Look below for the line that contains "JOB LOT of 10", and write out exactly that line and all remaining lines of the listing, omitting pictures.

_Material provided:_

⟨

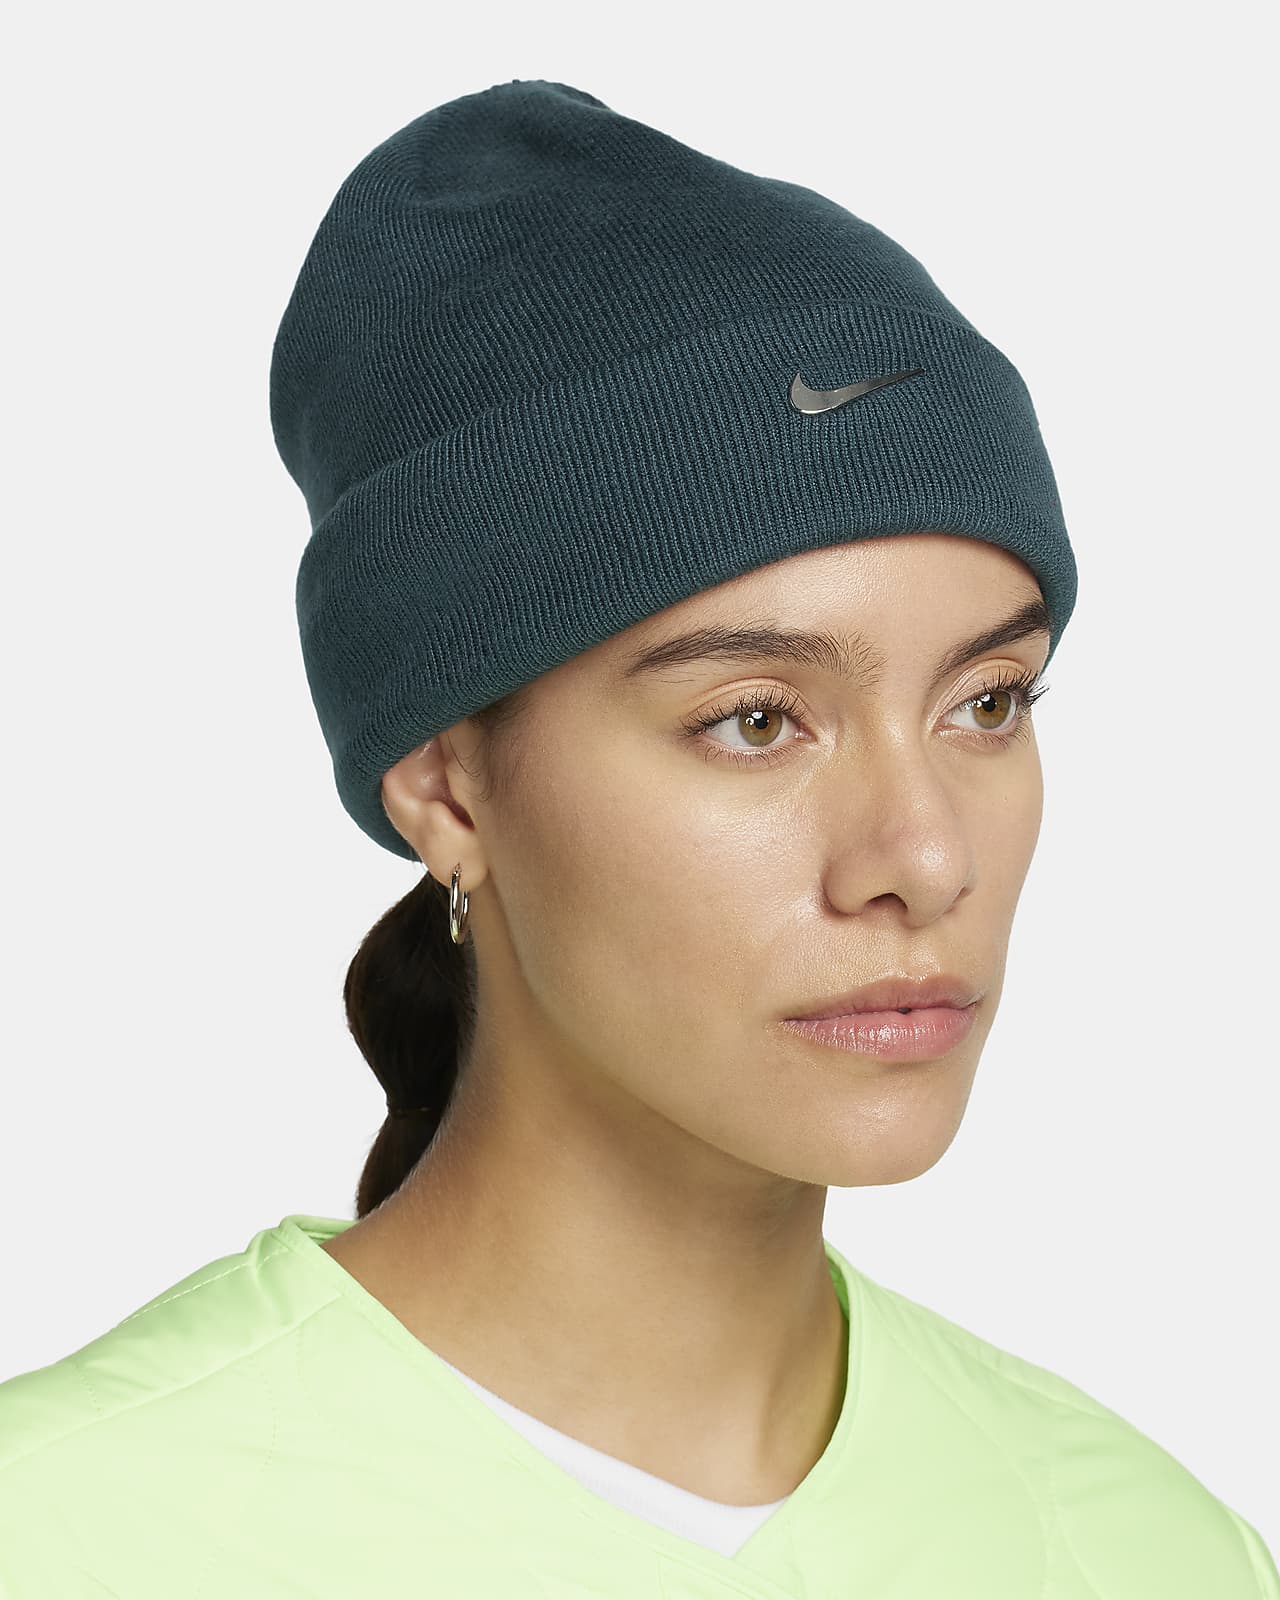 Nike Running - Bonnet à logo virgule - Gris
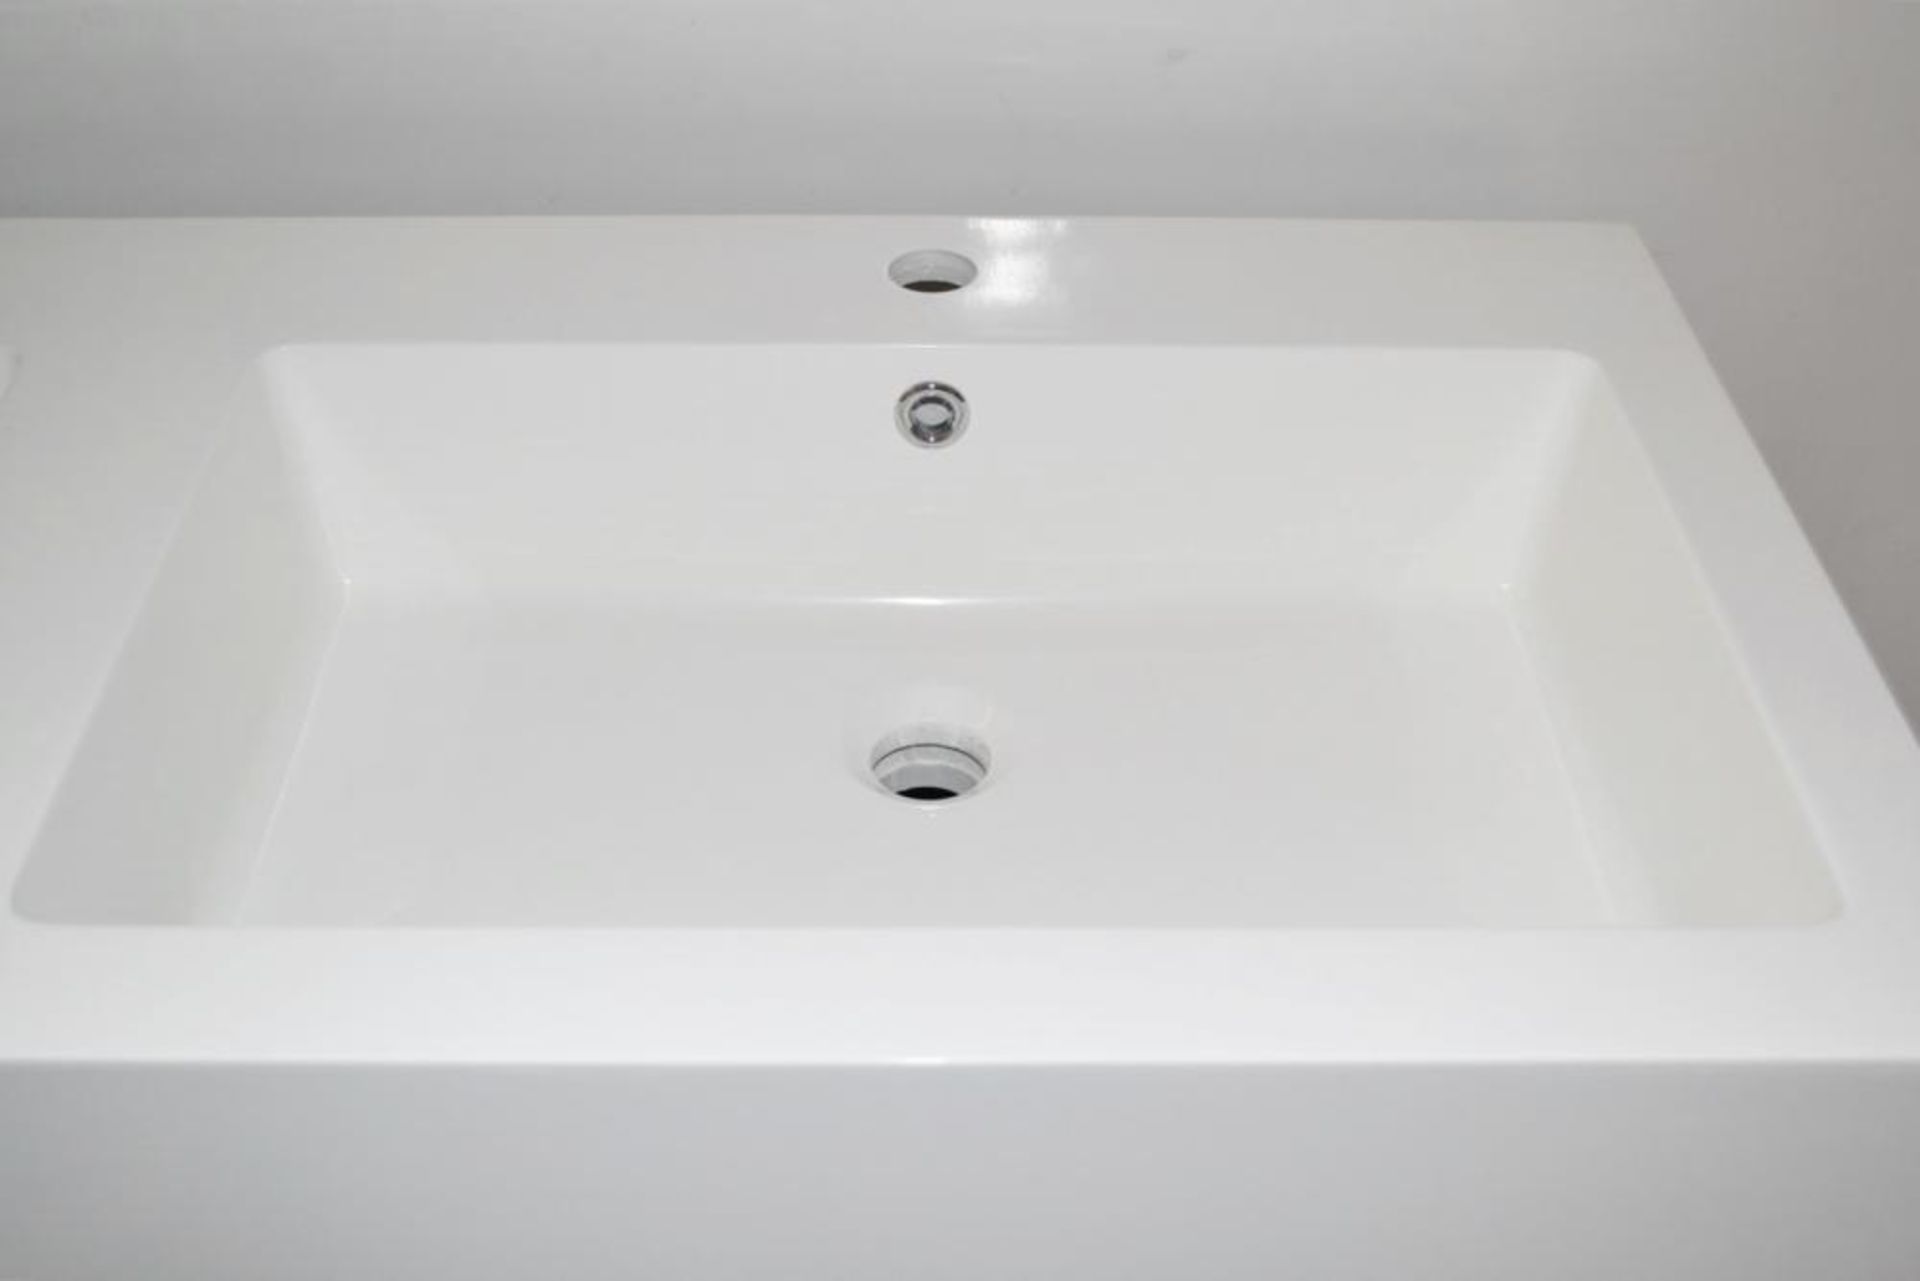 JOB LOT of 10 x Gloss White 1200mm 4-Door Double Basin Freestanding Bathroom Cabinets - New & - Image 3 of 7
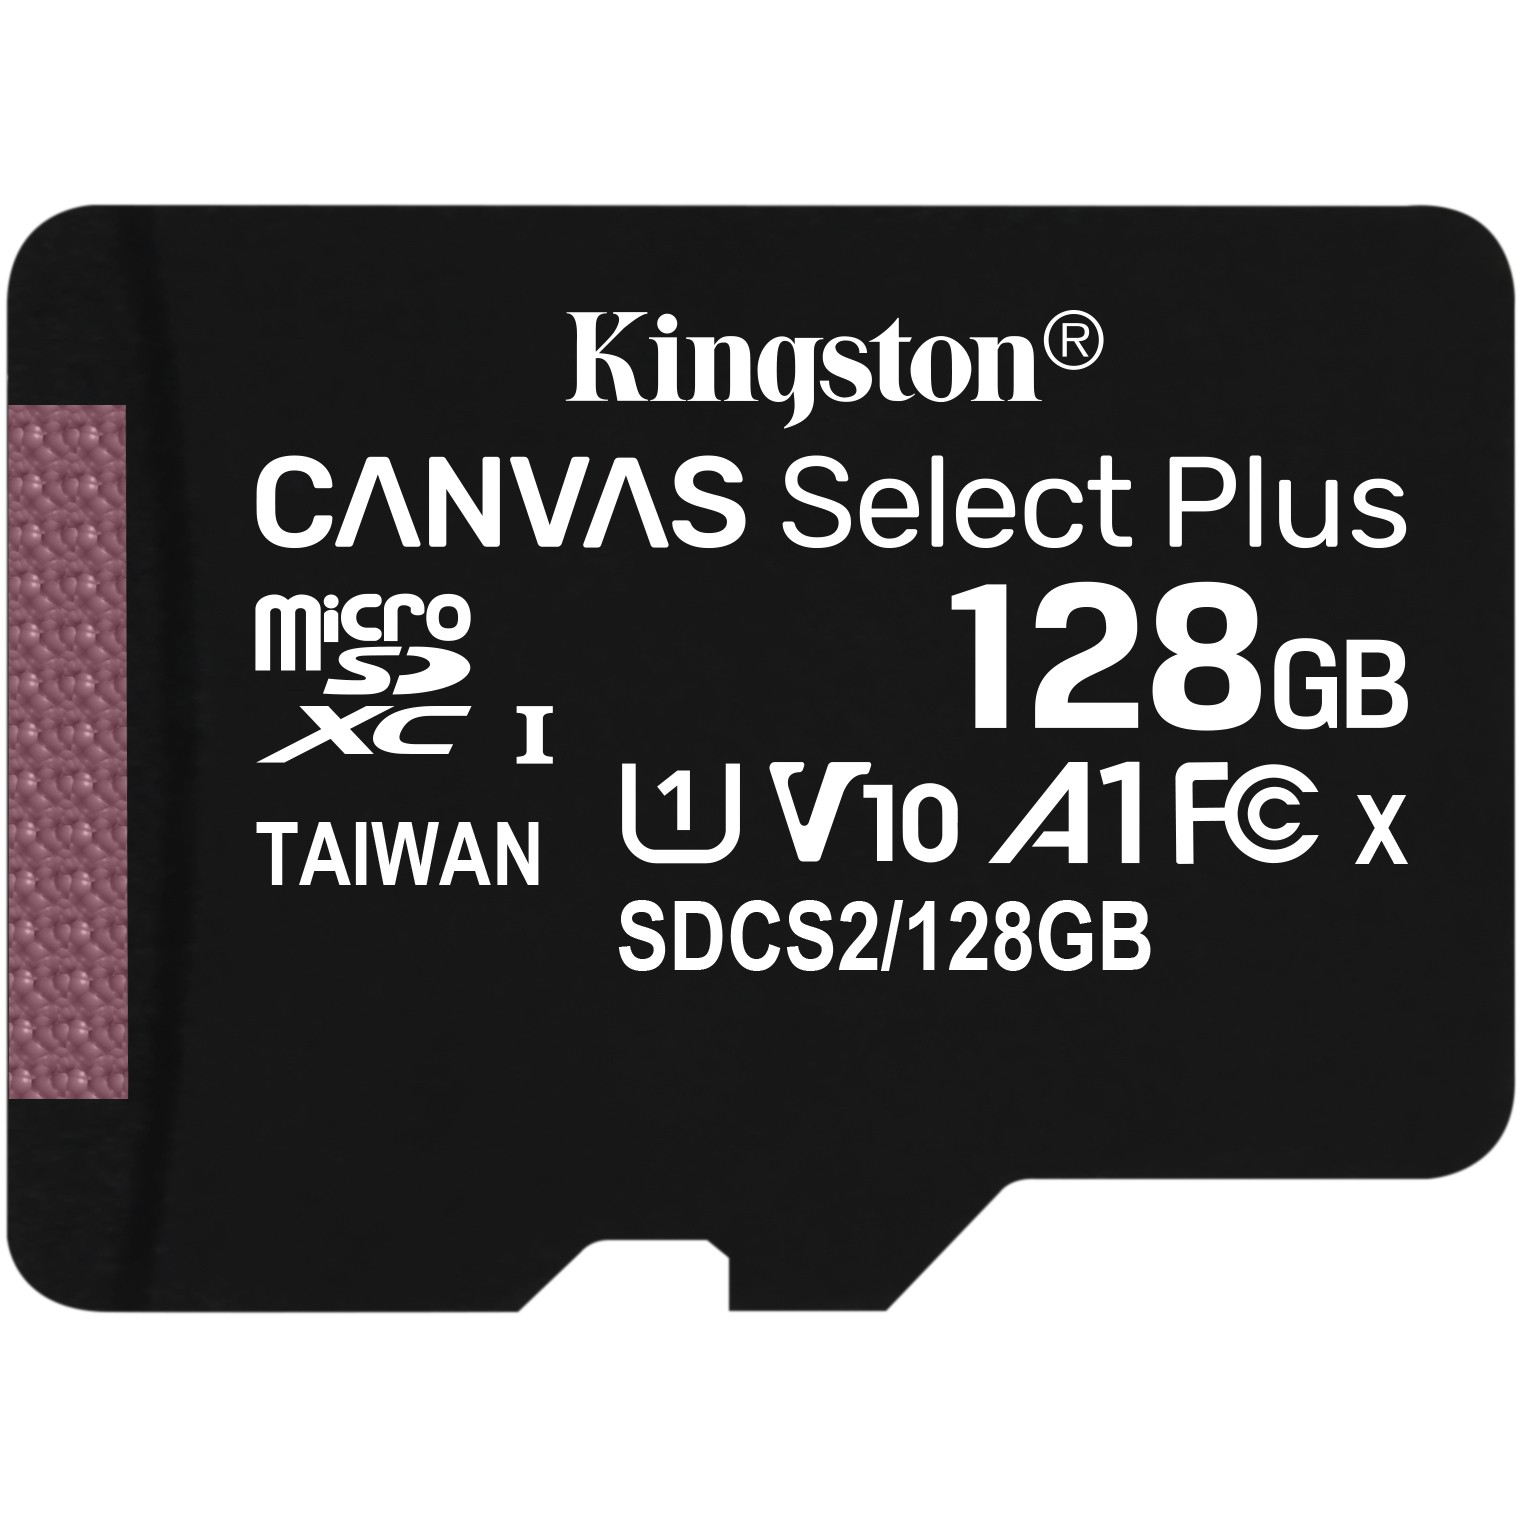 Kingston Technology Canvas Select Plus

⟩

_Solved exercise:_
 JOB LOT of 10 x Gloss White 1200mm 4-Door Double Basin Freestanding Bathroom Cabinets - New & - Image 3 of 7
 Kingston Technology Canvas Select Plus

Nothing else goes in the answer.